Monday, Jun. 16, 1952
Sippenhaft
Like thousands of other German youngsters, Hilde Speer, a button-bright 16-year-old student at Heidelberg's Elisabeth von Thadden School, would like nothing better than a chance to go to an American school. She saw her chance last spring in a notice in the local paper: a number of German youngsters were going to be sent to the U.S. as exchange students. Hilde wrote a letter stating her reason for wanting to go: "I want to become acquainted with the people [of the U.S.], the poor as well as the rich, the land, the big cities, and the many problems of America." Last week, after two interviews, a U.S. cultural officer in Germany wrote Hilde the good news: she had been chosen as one of 27 students from her area to be given an all-expense-paid trip to the U.S. Breathlessly, Hilde began to prepare for the big adventure.
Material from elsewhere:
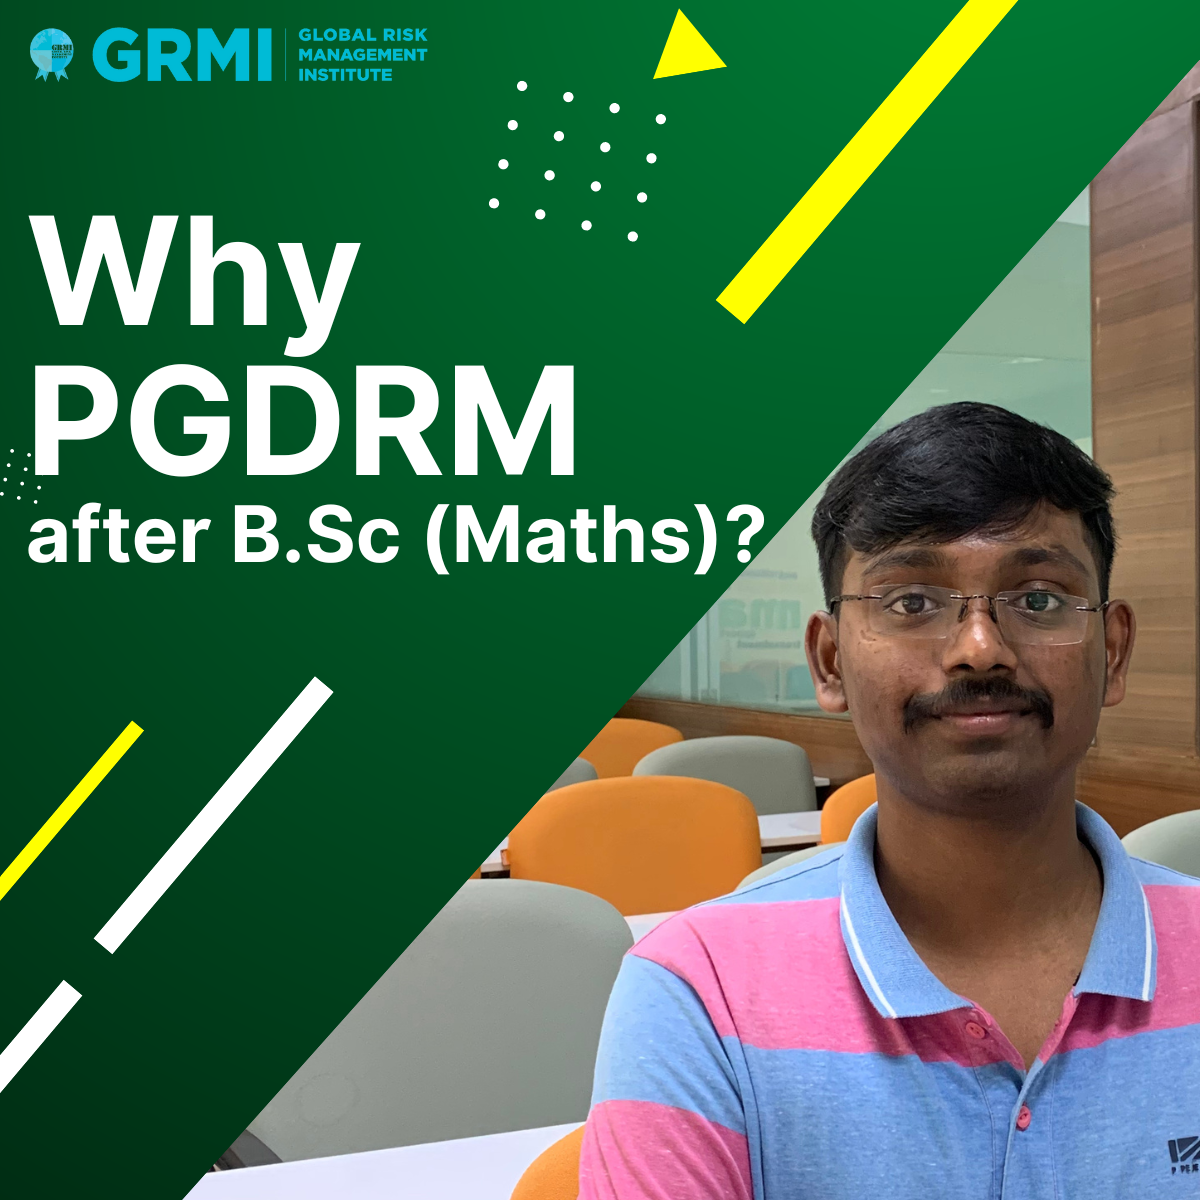 WHY PGDRM AFTER B.Sc (Maths) Cover
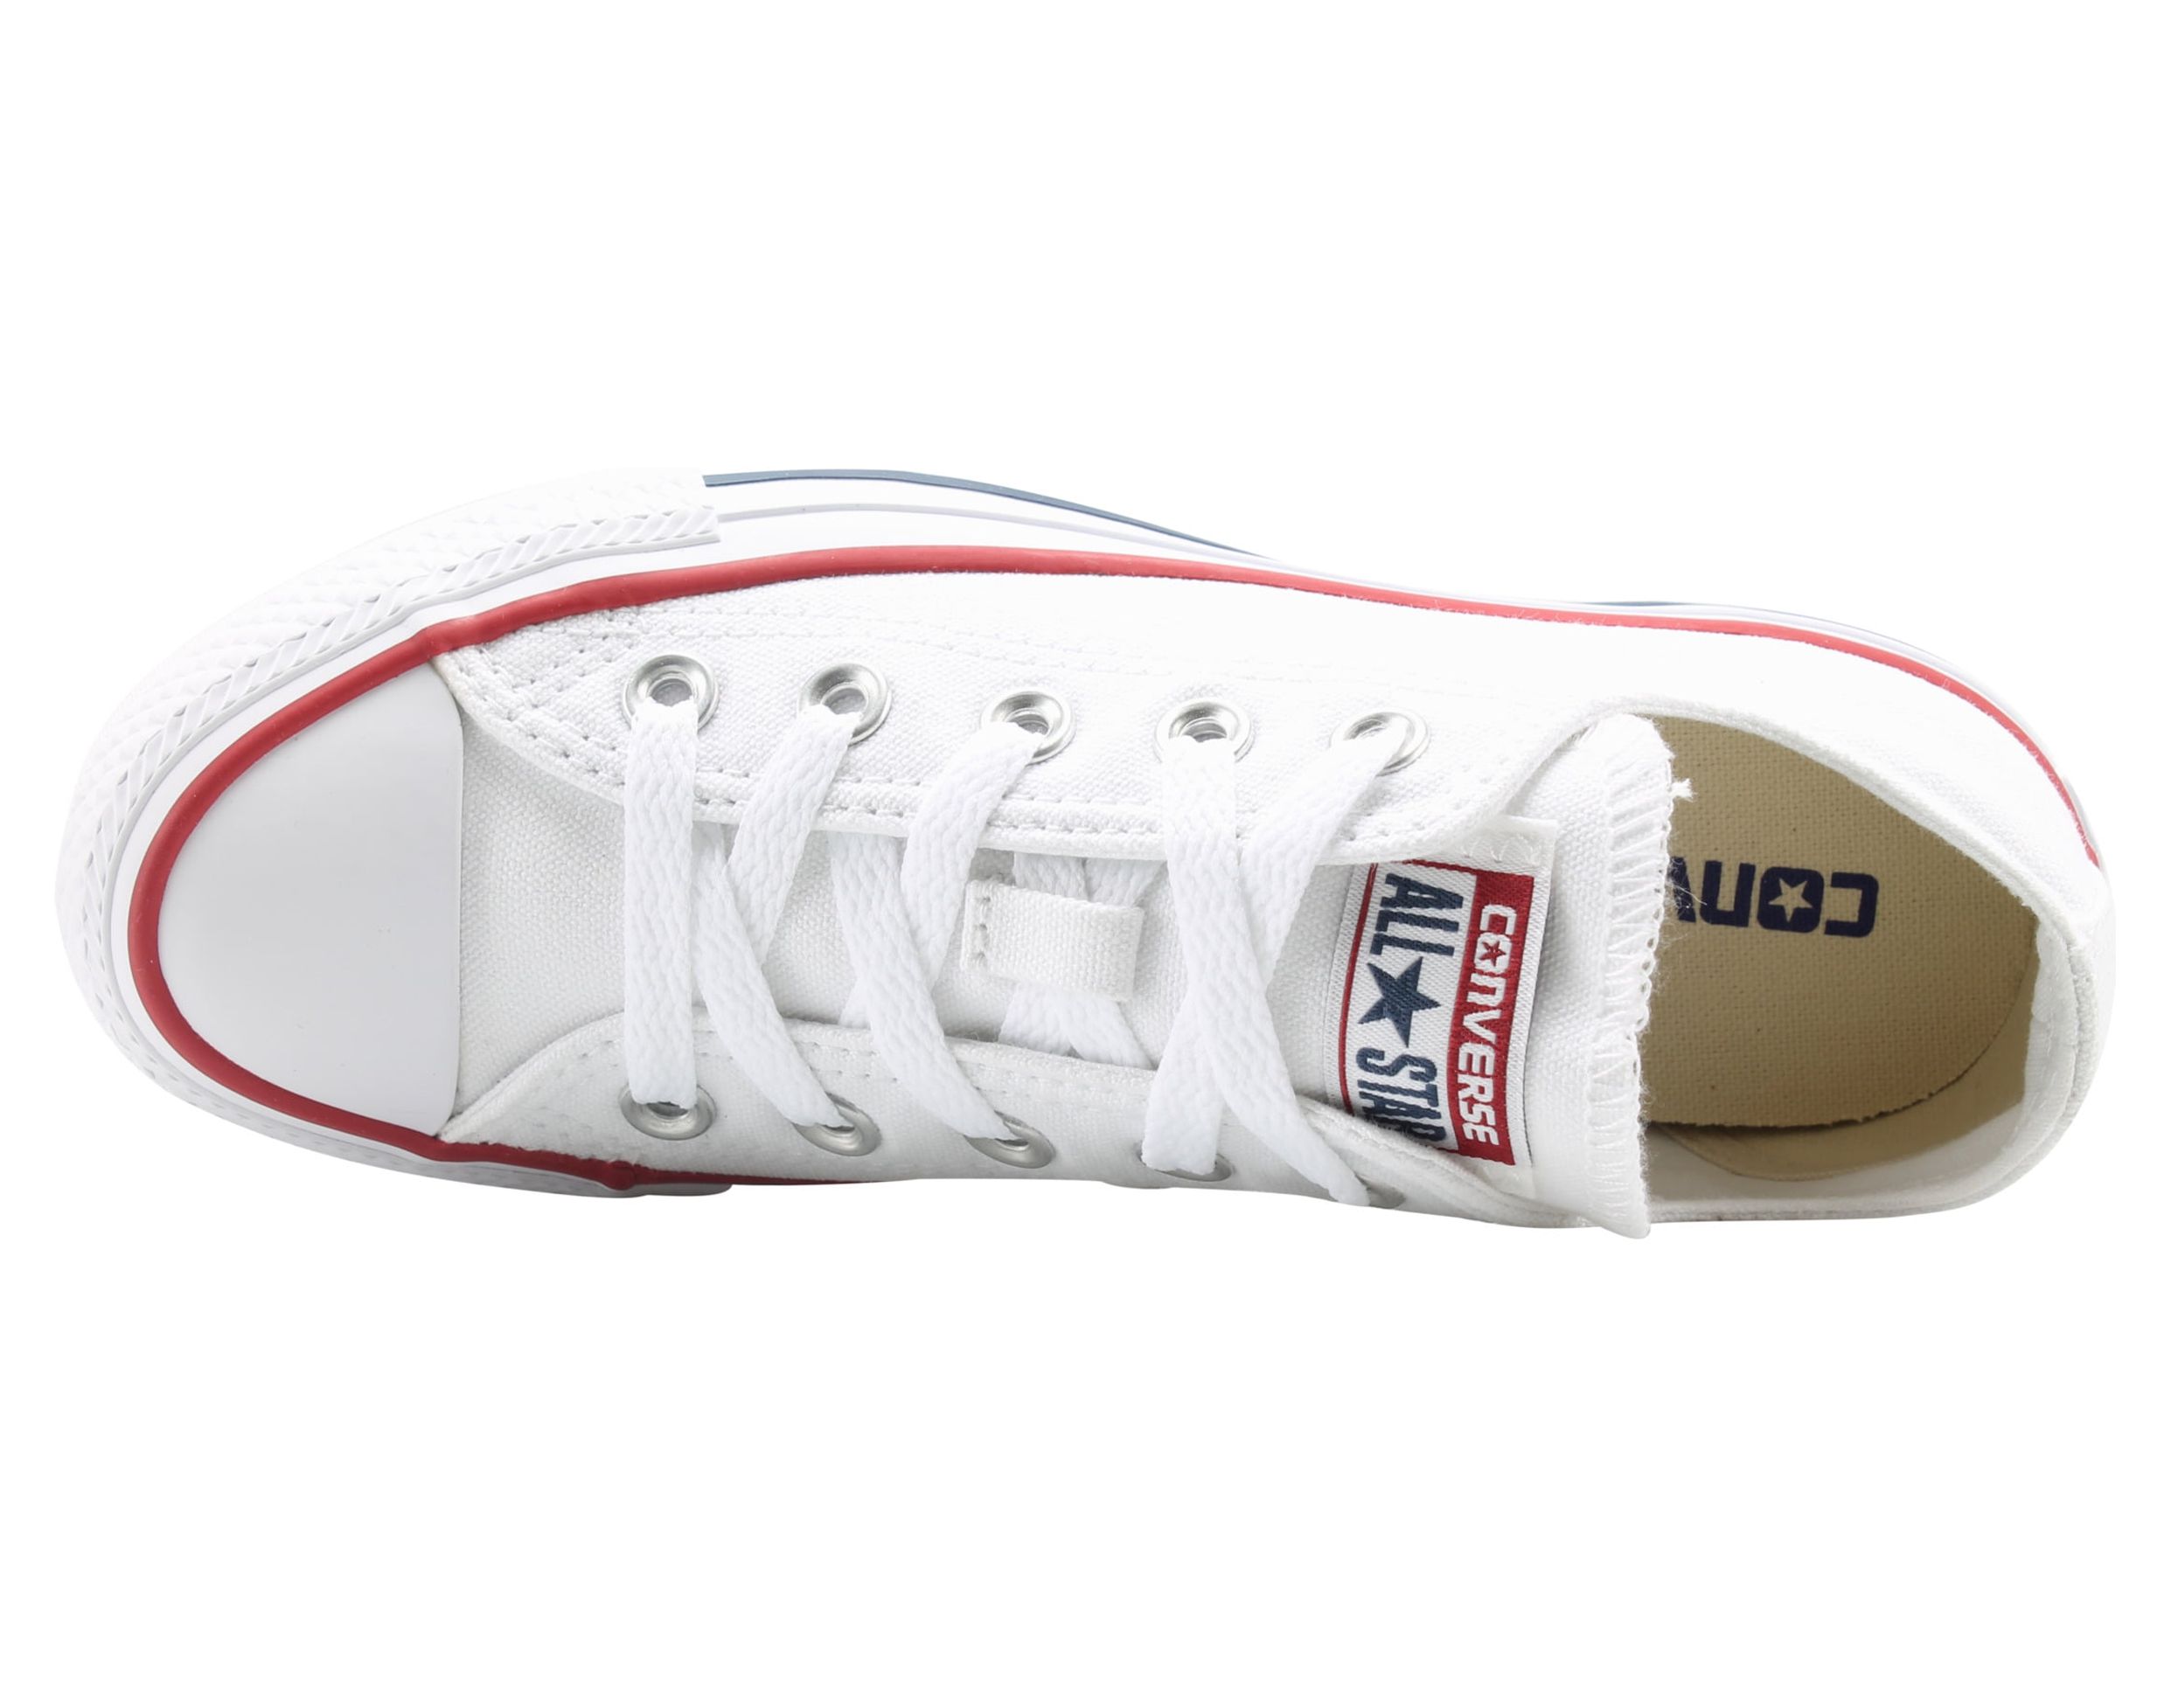 Converse M Converse Chuck Taylor All Star Ox M7652 - image 4 of 6

Then State Department officials in Washington made an embarrassing discovery: Hilde's father is Albert Speer, an architect and administrative genius who became head of Germany's economic mobilization in 1942; he is now serving 20 years as a convicted war criminal. Last week the department took Hilde's name off the list. Officials explained that they were not prejudiced against the girl on account of her father's past, but merely wanted to save her from painful embarrassment. It cited recent instances where social invitations to German exchange students in the Midwest were cancelled after newspapers carried unfavorable stories about them. Said a U.S. State Department man in Germany: "Can you imagine what would happen when those nasty New York reporters hollered, 'Hilde, how does it feel to have your old man a war criminal?' "
Hilde got the news that she had been turned down, not from the State Department, but from reporters. She said that she was "very surprised and a little mixed up," and wondered how she would tell her classmates.
Her classmates and everyone else in Germany know a word nastier than a possible question by a New York reporter. The word is Sippenhaft, and it means, roughly, "family liability." It was widely used in Hitler's day when men, women & children were punished because they had anti-Nazi relatives.
The U.S. State Department does not believe in Sippenhaft, but its position in the case of Hilde Speer will convince a lot of Germans that it does.